Looks like the time to paint the bottom of that sail boat while its in dry dock:lmao: But yes thats how it looks after a Hurricanemg:


----------



## Chipmaker (Sep 16, 2003)

Well Fords are not so tuff either. I have a friend who bought a brand new 4 wheel Ford F250 pickup truck fully equipped. He is an avid wood cutter, and this fellow is Mr. Perfectionist himself. He can be counted on doing the job right, well make that most of the time anyhow. He had this truck 2 weeks and we were going to go TDY to another base for a month, and were authorized to use POV's so everyone was going to drive and claim mileage etc for use. I get a phone call the night before we were all supposed to meet up and leave from this fellow wanting to know if he could ride with me. Why I ask him, I thought you were looking forward to taking that new set of wheels on a nice road trip. He him hawed around and never really would answer........and just kept asking can he or can't he ride with me. I say yes, pick him up the next morning, and while waiting for him to get his baggage loaded his wife spilled the beans on why he was needing a ride..............He had been cutting wood, and dropped a nice 20 to 24 inch diam White oak dab smack down the center line of his vehicle. Worst part was when he had to climb up on the truck and stand on that new paint to cut the tree out of the truck, so he could see if he could even managae to drive it out of the woods.

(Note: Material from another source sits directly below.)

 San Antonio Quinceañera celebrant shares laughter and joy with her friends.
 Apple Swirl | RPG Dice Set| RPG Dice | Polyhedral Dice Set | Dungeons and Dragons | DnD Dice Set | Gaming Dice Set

Luckily if fell on the tailgate first, as other than hood and air cleaner and some other odds and ends the engine ran sufficient to get him home, even if the roof was caved totally in and he had to ride hanging out the side window(less) door) He just recently bought a new Dodge 4WD diesel and brought a load of wood to my house to use my splitter, and in the process he got stuck up to the axle housings.............I used my Ford 1720 to unstick him. 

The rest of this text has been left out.